Will the ‘Buy Now, Pay Later’ model overcome economic and regulatory challenges?

“Buy Now, Pay Later” (BNPL) services, such as Affirm, Afterpay, Clearpay and Klarna, saw explosive adoption as e-commerce upshifted into a higher gear during the pandemic, but are now facing questions over their sustainability against a tide of rising interest rates, inflation and regulatory threats.

The services let shoppers defer payments to a later date or break up purchases into interest-free installments.

Rising interest rates narrow already-thin margins for BNPL providers.

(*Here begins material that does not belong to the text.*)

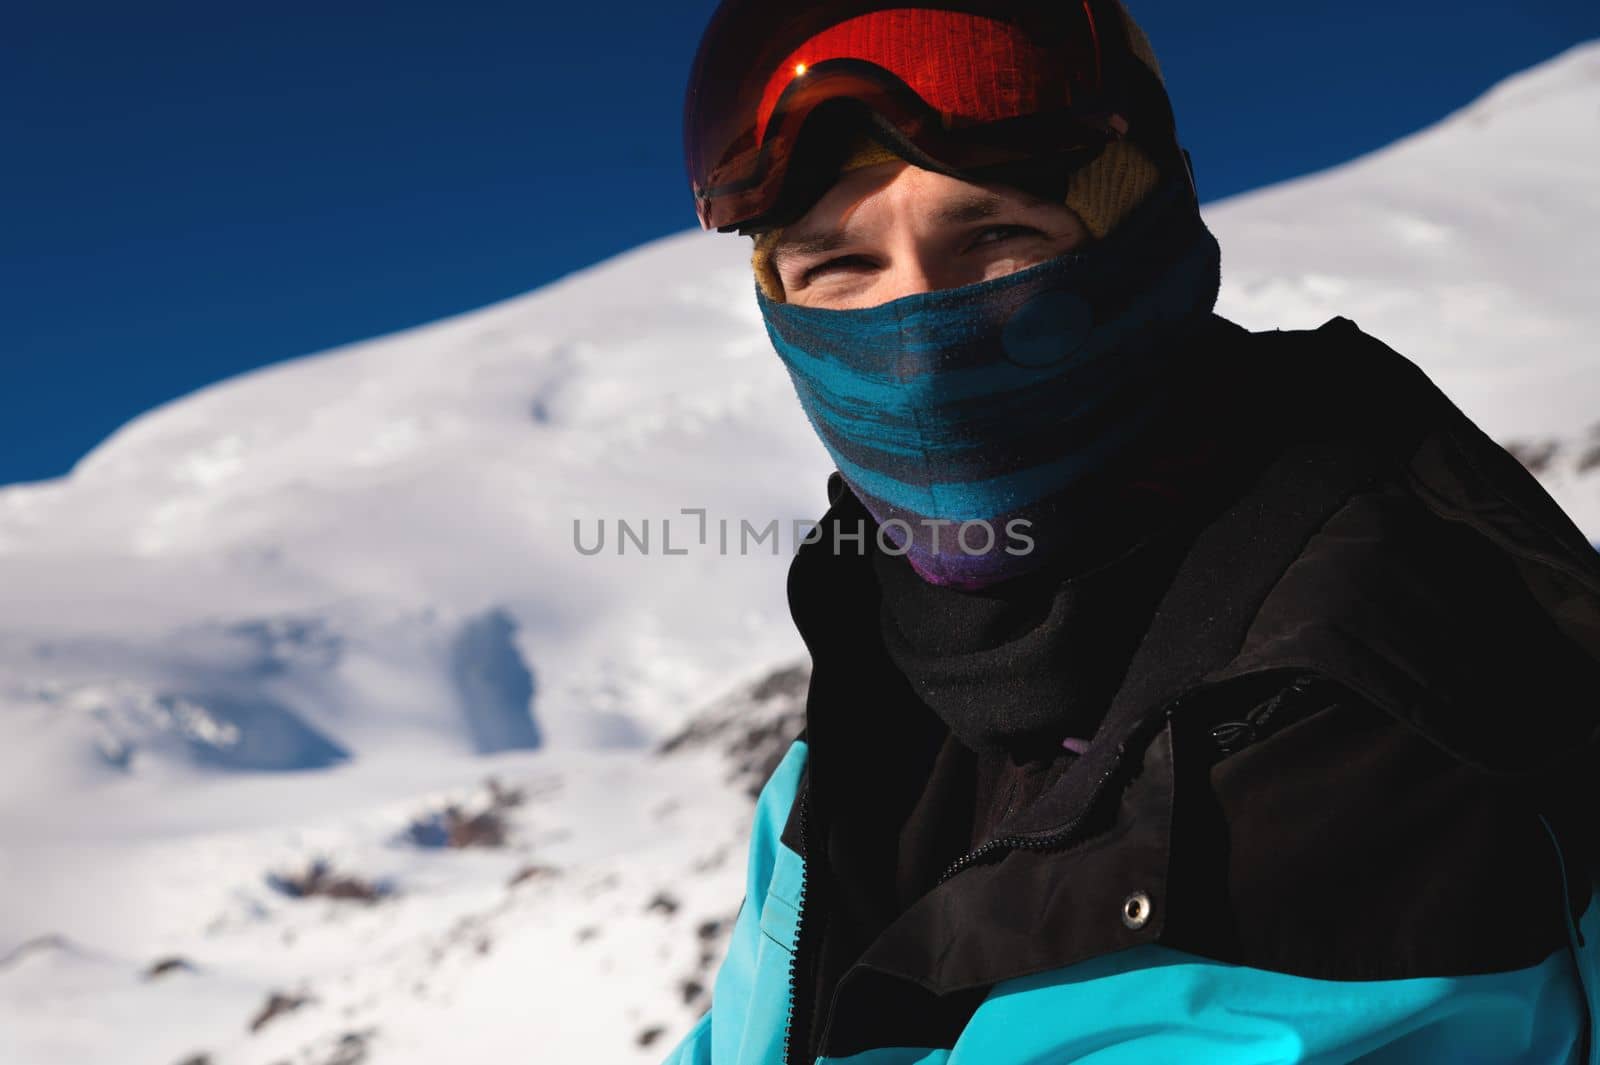 The skier looks at the camera before starting to ski. Man enjoys vacation in winter season. Portrait of a man in a balaclava and ski goggles against the backdrop of a snowy mountain by yanik88

Their profitability is dependent on their own borrowing rates being much lower than the fees charged to merchants for their service.

Soaring inflation and concerns about a possible recession are making consumers more apprehensive about purchasing the big ticket items best suited for extended payments.

Finally, the fast growth of the largely-unregulated BNPL space has been drawing more scrutiny from state and federal authorities over concerns that consumers are not aware of the large late fees that can accumulate.

Regardless, many consumers discovered the benefits of BNPL’s flexible payment options and avoiding the financial commitments involved with credit cards, even on lower ticket items.

Experian’s “Global Insights Report,” based on a survey of 6,000 consumers globally in March, found that 18 percent had used BNPL in the past six months. Fifty-seven percent said they believe BNPL could replace their credit card and 71 percent perceive BNPL as secure. In the U.S, 80 percent of respondents use BNPL to avoid credit card debt.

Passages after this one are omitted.